╭─ GIVEN DATA

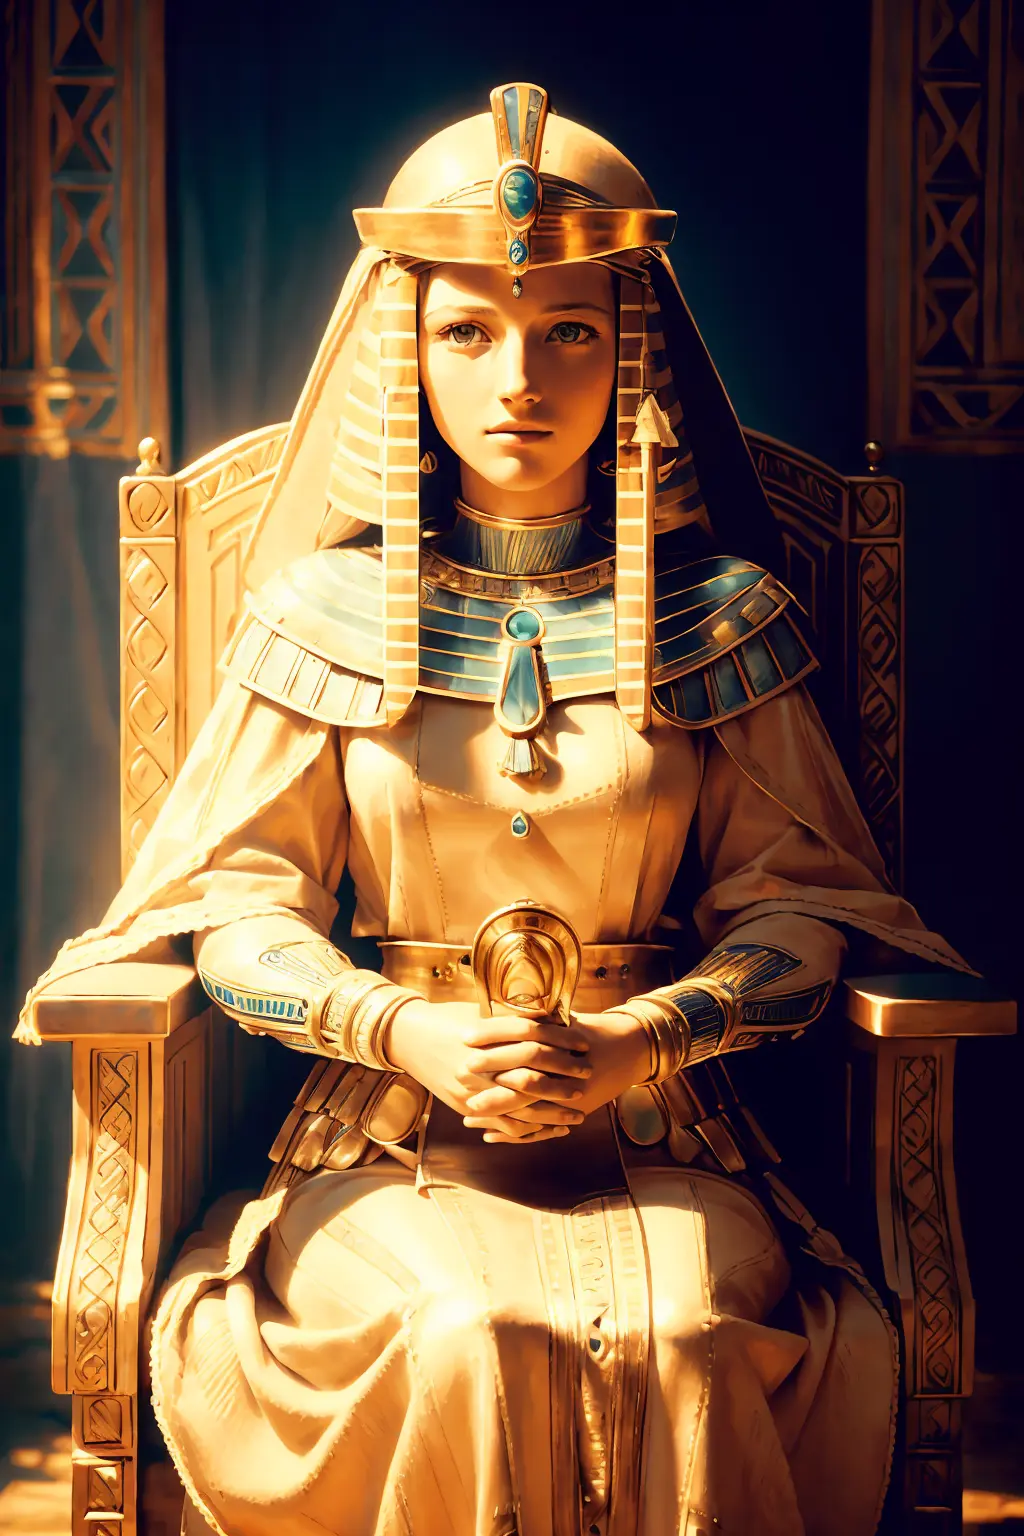 AshleyCipher OldEgyptAI 1 امرأة, ملكة مصر, يجلس على العرش,
(35mmstyle:1.1), أمام, تحفة, فيلم السبعينيات, , الإضاءة السينمائية, واقعية, تفاصيل عالية التردد, فيلم 35 ملم, (حبوب الفيلم), ضجيج الفيلم, 
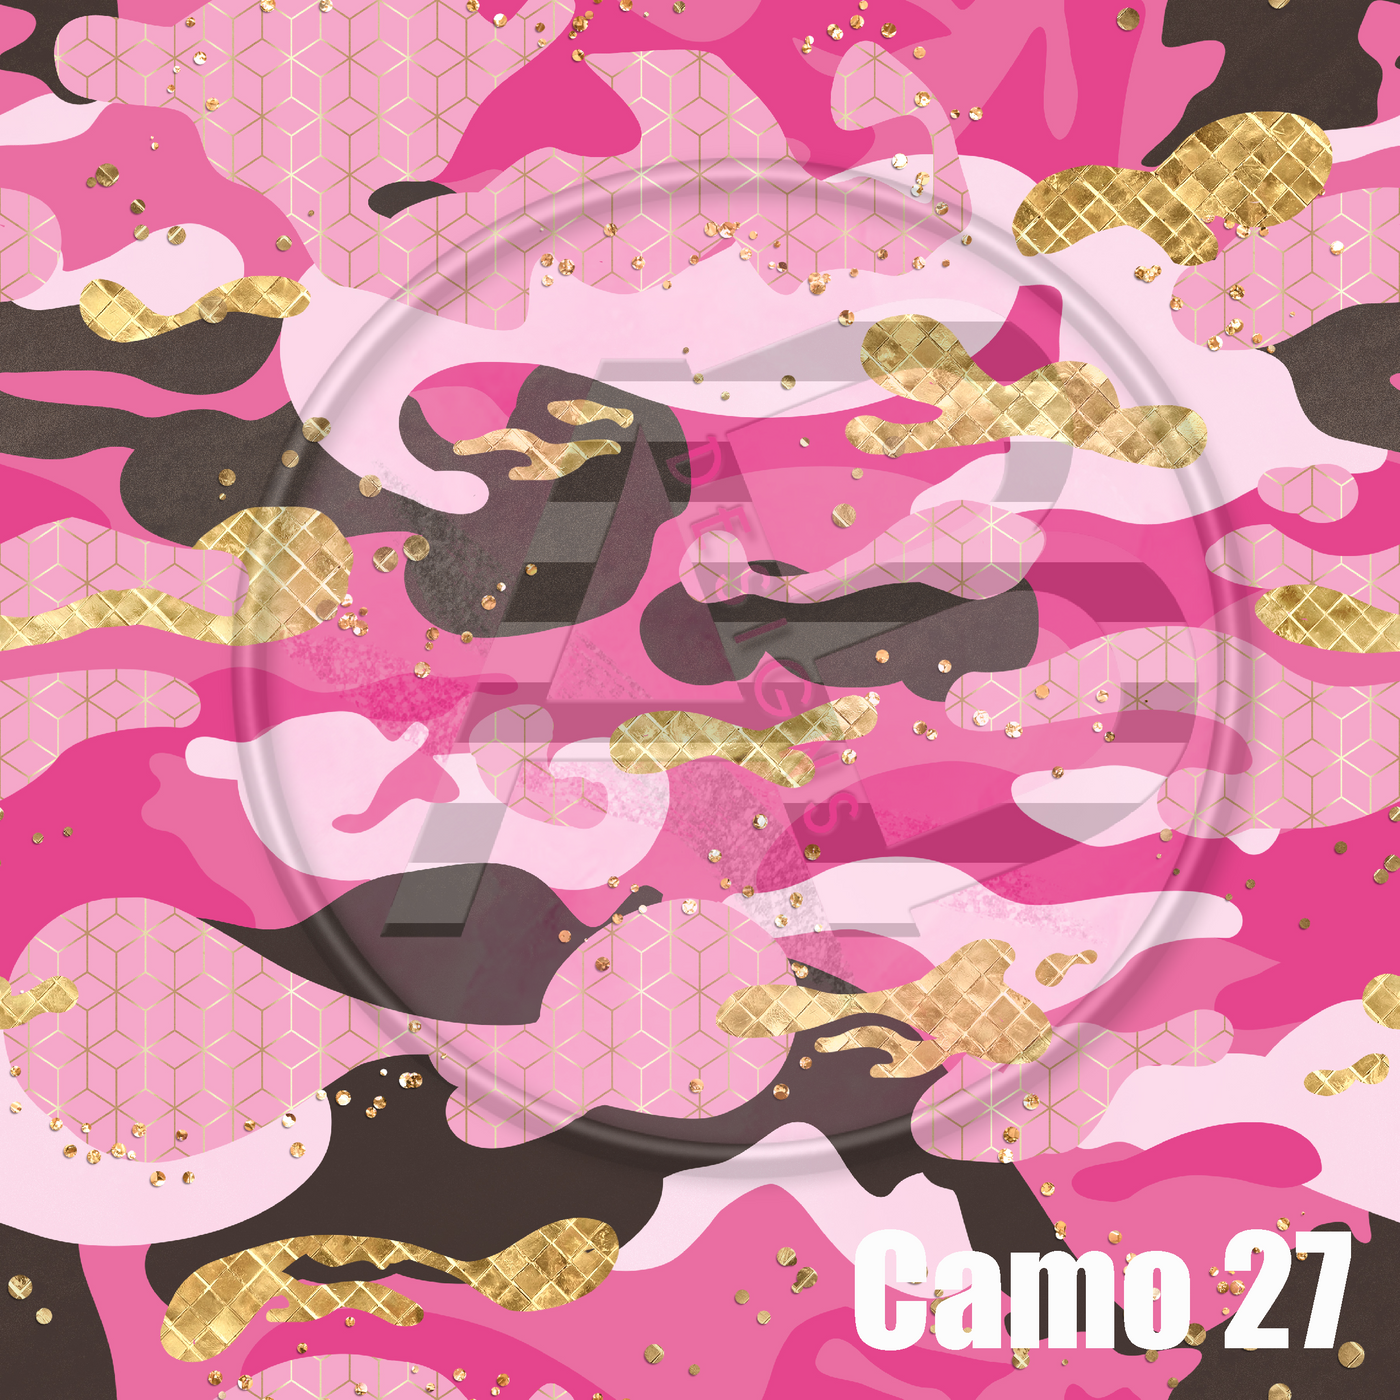 Adhesive Patterned Vinyl - Camo 27
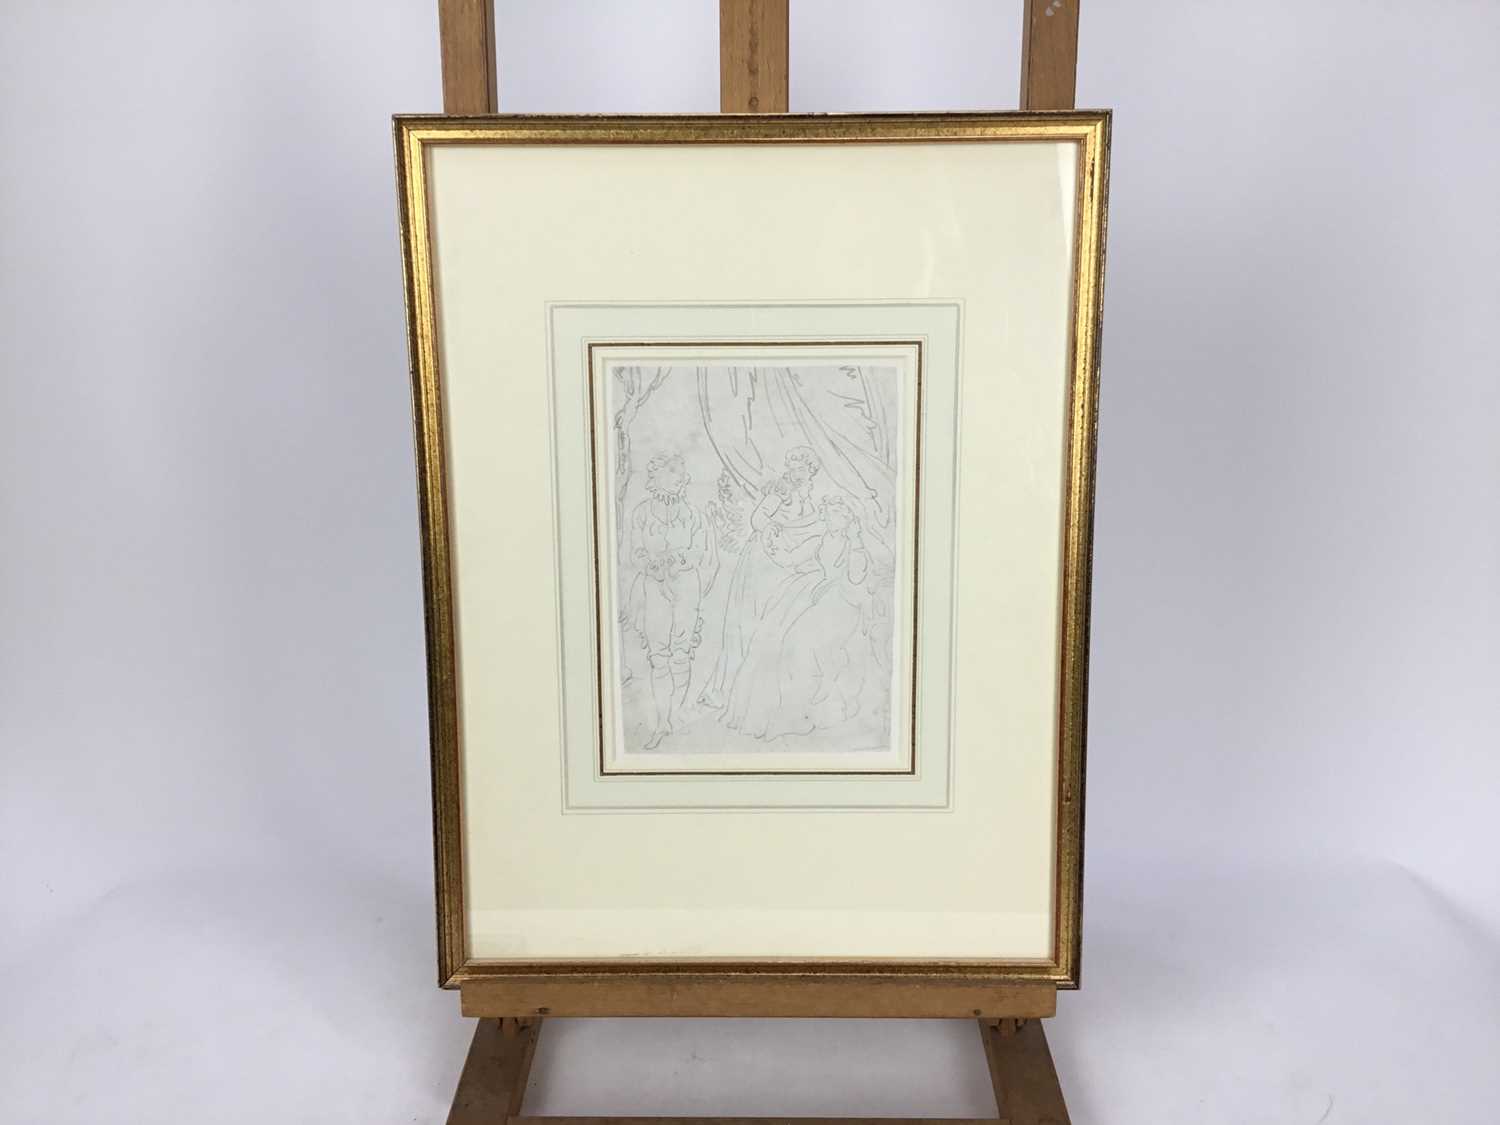 Thomas Rowlandson (1756-1827) pencil drawing - The Intruder, in glazed gilt frame Provenance: Chri - Image 2 of 5
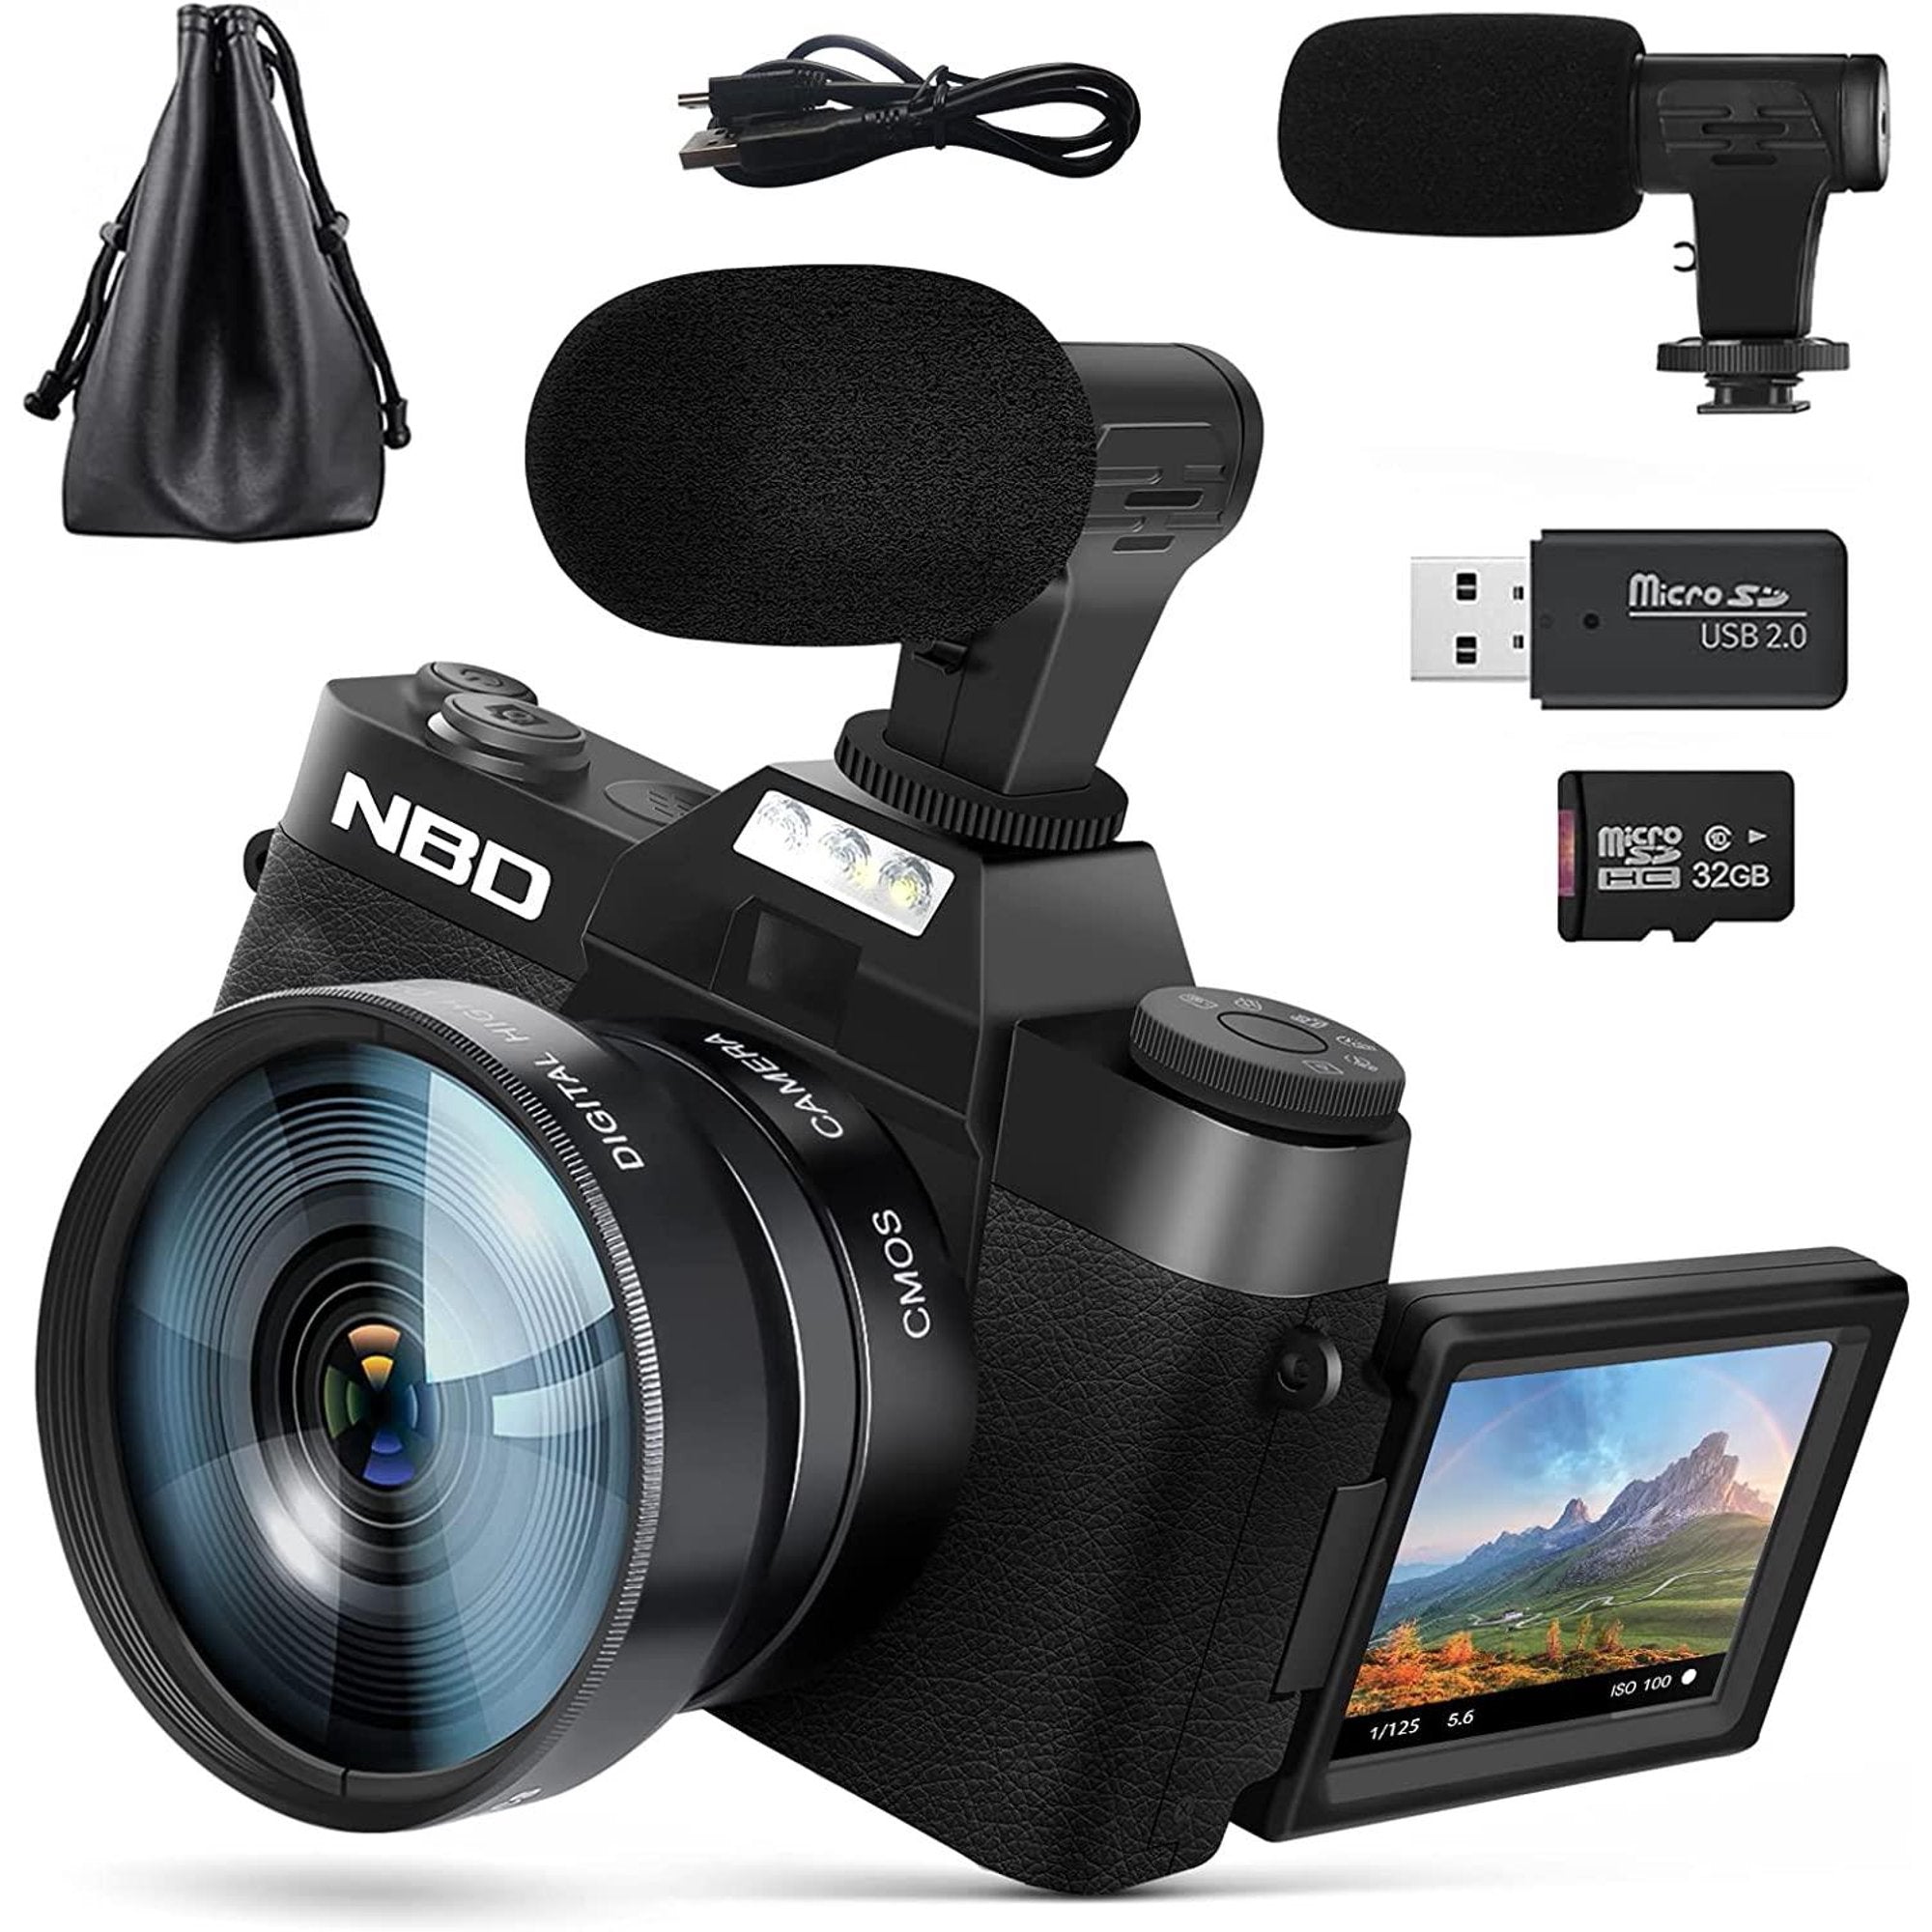 Cámara digital NBD Cámara compacta 4K 48MP, cámara de vlogging de   con pantalla ultra clara de 3.0 pulgadas, cámara de video con zoom

╰─

= TASK DIRECTIONS =
Exactly as written above, print every record, and keep the pictures out.

= TASK RESULT =
 AshleyCipher OldEgyptAI 1 امرأة, ملكة مصر, يجلس على العرش,
(35mmstyle:1.1), أمام, تحفة, فيلم السبعينيات, , الإضاءة السينمائية, واقعية, تفاصيل عالية التردد, فيلم 35 ملم, (حبوب الفيلم), ضجيج الفيلم, 
 Adhesive Patterned Vinyl - Camo 27
 Thomas Rowlandson (1756-1827) pencil drawing - The Intruder, in glazed gilt frame Provenance: Chri - Image 2 of 5
 Cámara digital NBD Cámara compacta 4K 48MP, cámara de vlogging de   con pantalla ultra clara de 3.0 pulgadas, cámara de video con zoom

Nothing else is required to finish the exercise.